Broadly speaking, the bank cuts rates when it wants to stimulate the economy, and hikes rates when it wants to pump the brakes on inflation.
After standing on the sidelines for years, the bank unexpectedly cut its benchmark rate twice last year in an attempt to stimulate a Canadian economy waylaid by low oil prices.
Since then, the economy has showed signed of improvement, however, as the cheap loonie has helped manufacturers and exporters, and oil prices have stabilized around the $40 level in recent months.
In January, Canada’s gross domestic product grew by its biggest amount in more than two years, official data showed last month. That helps explain the new cautiously optimistic outlook from the central bank’s decision-makers.

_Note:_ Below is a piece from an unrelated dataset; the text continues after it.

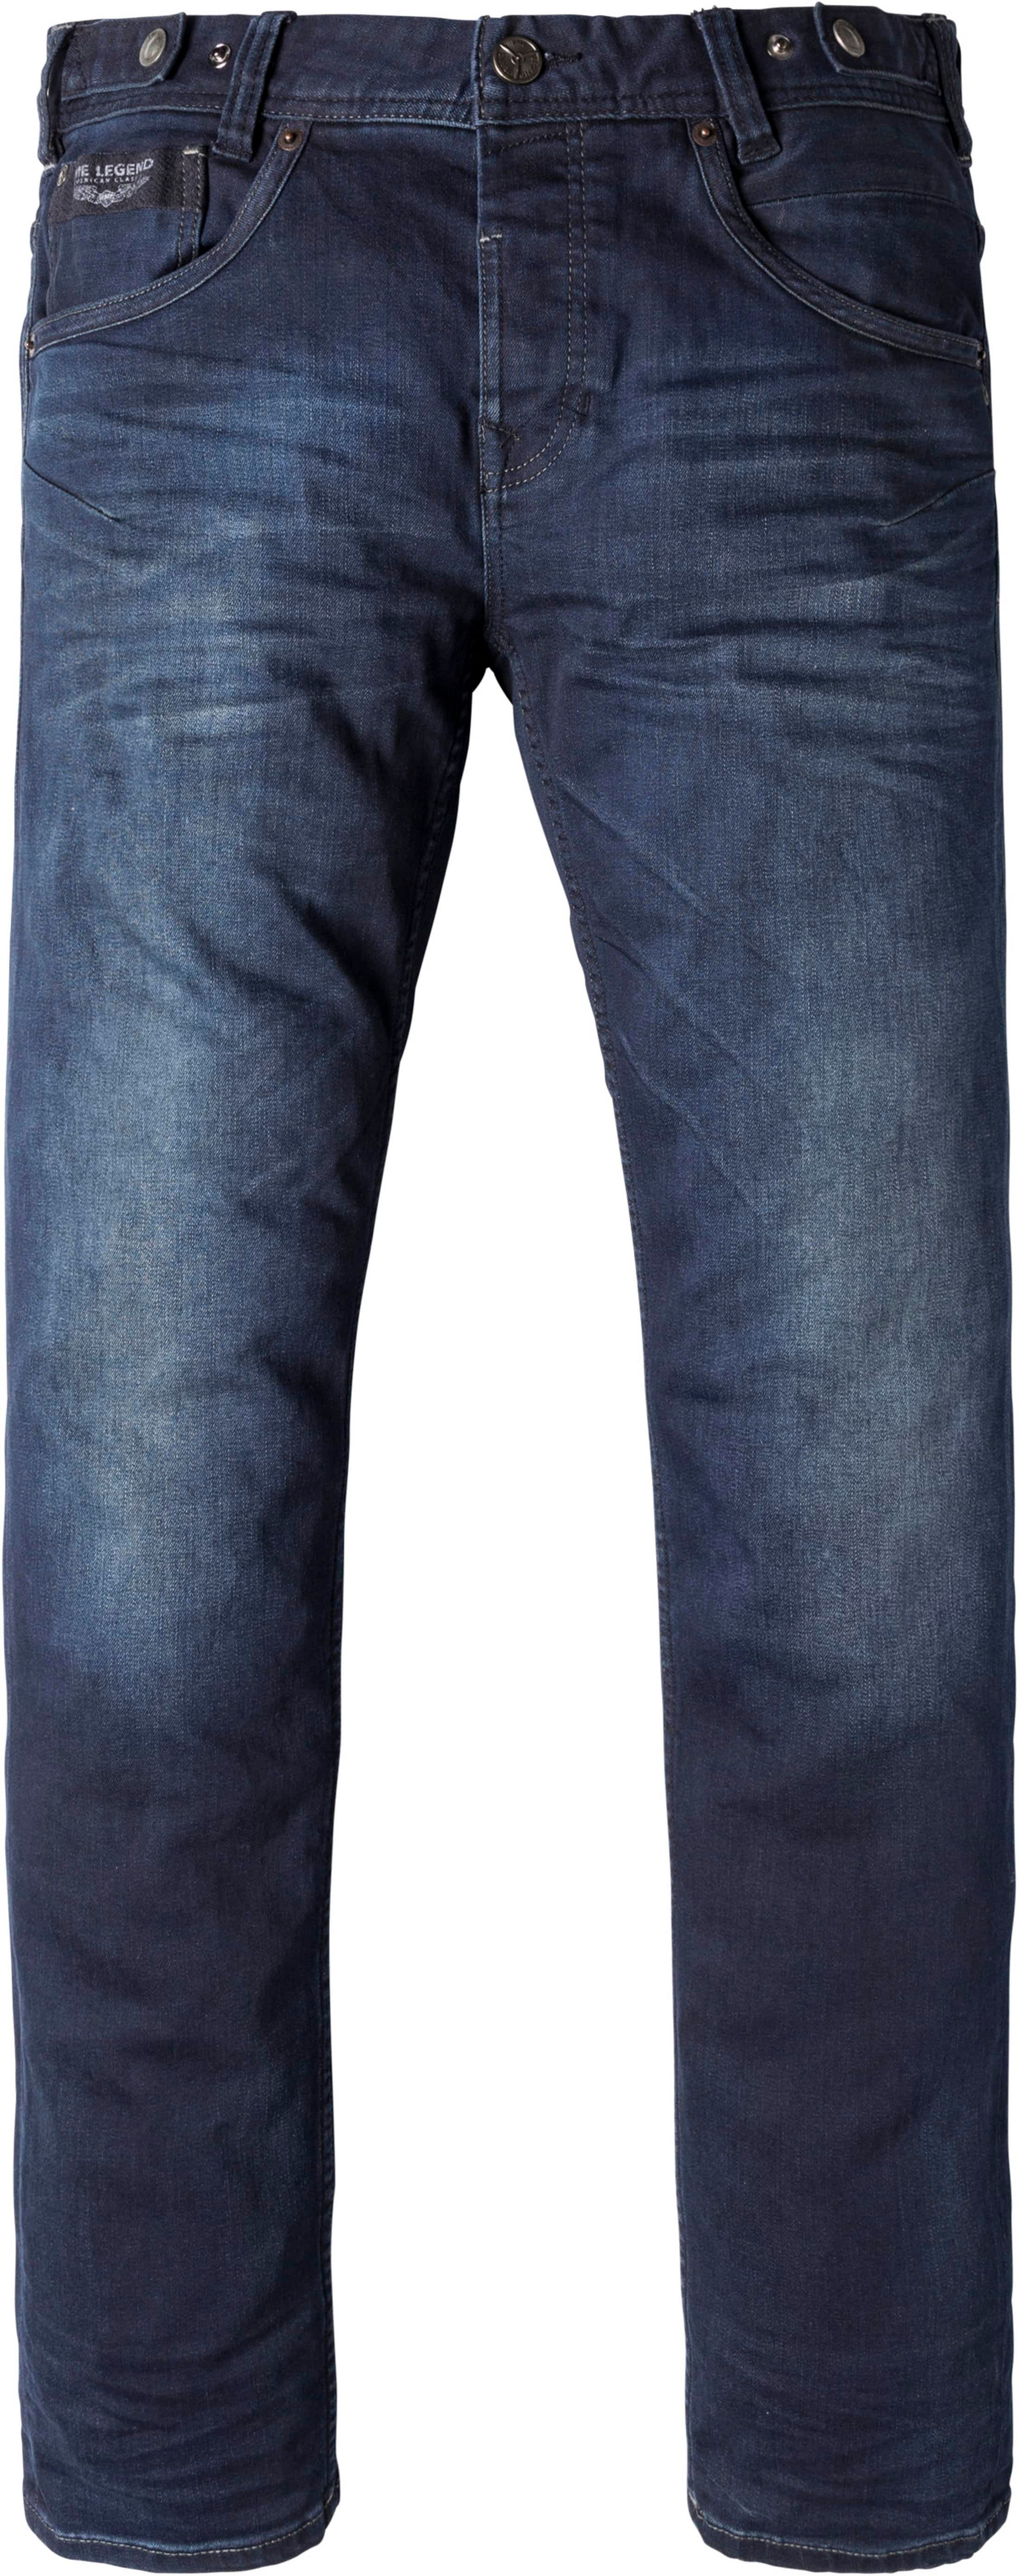 PME Legend Skyhawk Jeans Sky Dark Blue Blue size W 29
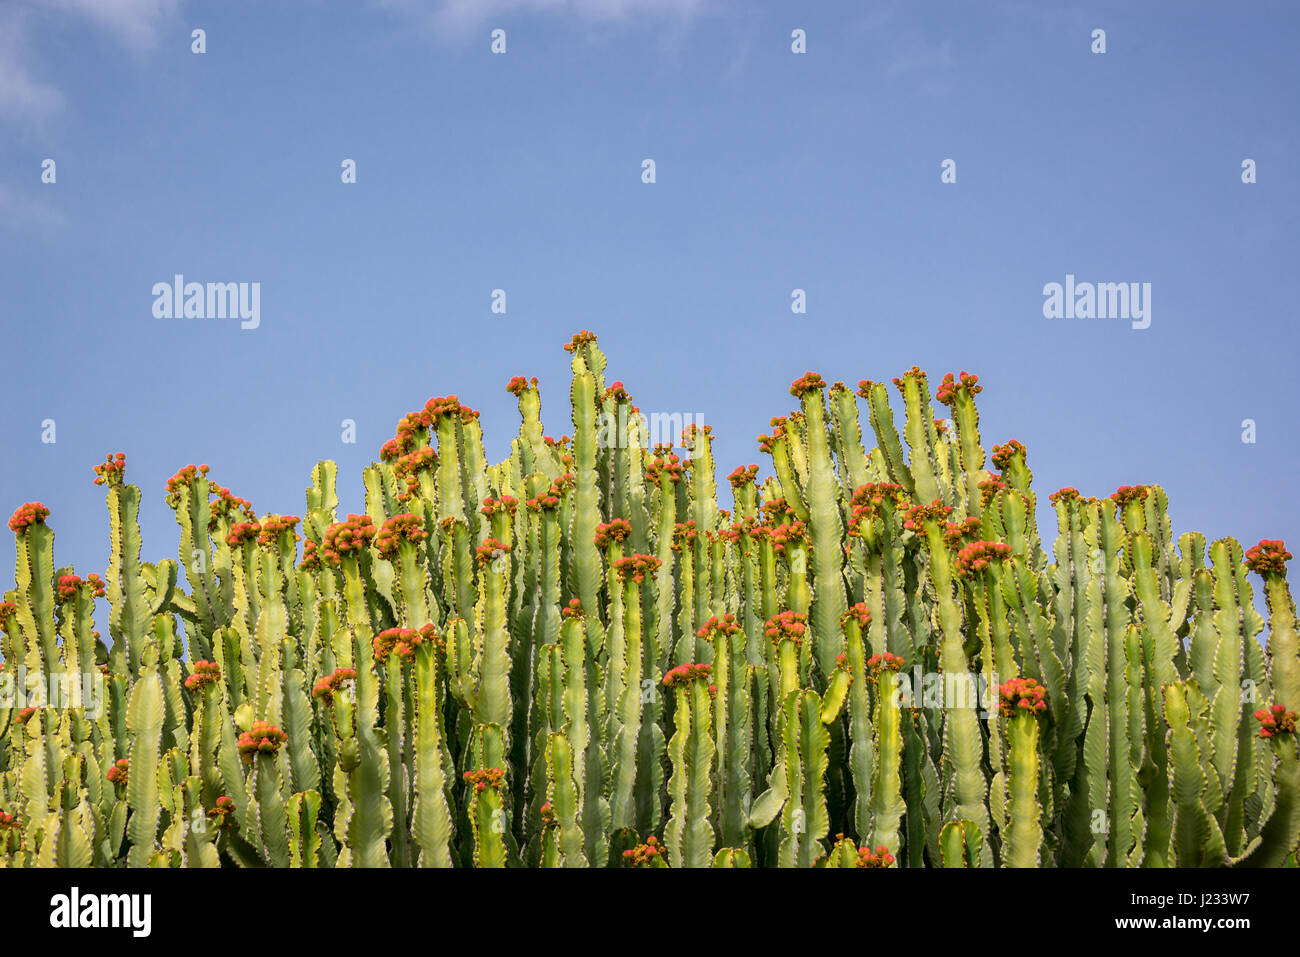 Vista artística abstracta de Euphorbia candelabrum, un gigante de plantas suculentas Foto de stock

“It does appear that the positive forces at work in the economy are starting to outweigh those that are negative,” the bank said in its statement Wednesday. “First-quarter GDP growth appears to have been unexpectedly strong.”
The Canadian dollar reacted positively to the news, erasing earlier losses of about a third of a cent to trade hands virtually unchanged on the day, at 78.35 cents US.
While keeping rates steady for now, the bank hiked its forecast of how it expects the economy to perform this year.